I. Precisiones sobre el denominado
Estado “Regio-Local”
1.1. Propuesta de nueva clasificación de los Estados
en cuanto al grado de descentralización que posean
Tradicionalmente se han clasificado a los Estados en Unitario,
Federal y Regional, en base a las divisiones políticas
que posean y las autoridades que ejerzan el poder en las
mismas.

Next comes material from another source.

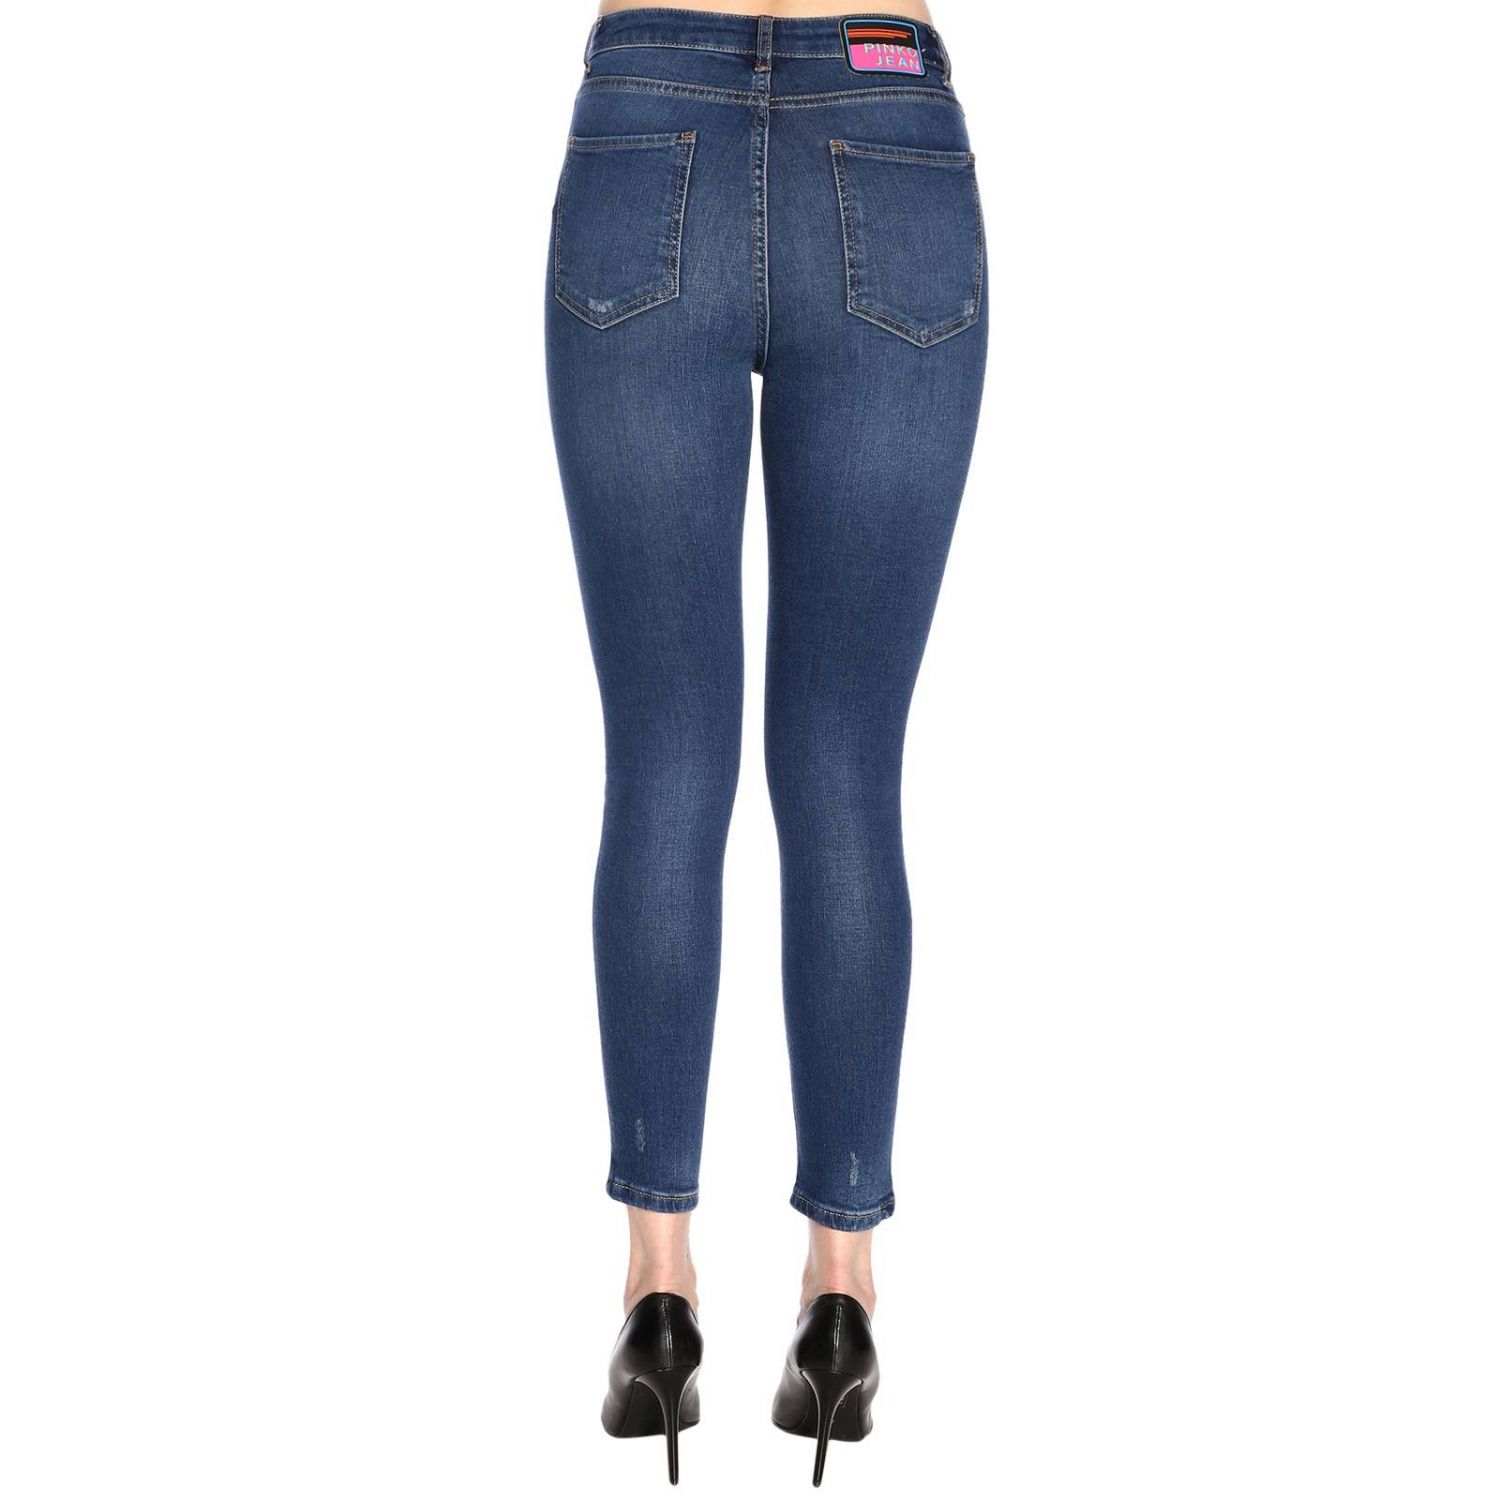 Pinko Jean Outlet: Jeans women - Denim | Jeans Pinko Jean 1X10C3-Y5AC ...

El Estado Unitario responde a una lógica
centralista, al no tener divisiones geográficas autónomas;
el Federal posee el máximo grado de descentralización
al contar con Estados Federados autónomos, legislativa
y constitucionalmente, mientras que el Estado Regional,
posee un relativo grado de descentralización al conferir
autonomía legislativa a sus unidades territoriales,
sin que éstas puedan dotarse de constituciones propias
o, en todo caso de legislación aplicable únicamente
a sus realidades, en materias civiles, penales o laborales.
Antes que nada, es esencial tener en claro que el Estado
peruano no es ni lo será un Estado del tipo Federal,
debido a las particulares condiciones que debe reunir uno
de estos. Principalmente se reiteran como características
del mismo, el hecho que todas las unidades constitutivas
del sistema federal tienen garantizada su existencia en
tanto el sistema exista, debido a que ellas constituyen
el sistema mismo(3).
Asimismo, la participación política de la
población es comparativamente mucho más amplia
que en los Estados Unitarios, tales como tradicionalmente
ha sido definido el nuestro(4),
en el cual, a pesar de los esfuerzos que se han realizado
en esta esfera, aún no se logra un nivel suficiente
de involucramiento de las poblaciones afectadas en las decisiones
que al respecto tomen las autoridades, característica
que en cambio es indesligable de los Estados Federales.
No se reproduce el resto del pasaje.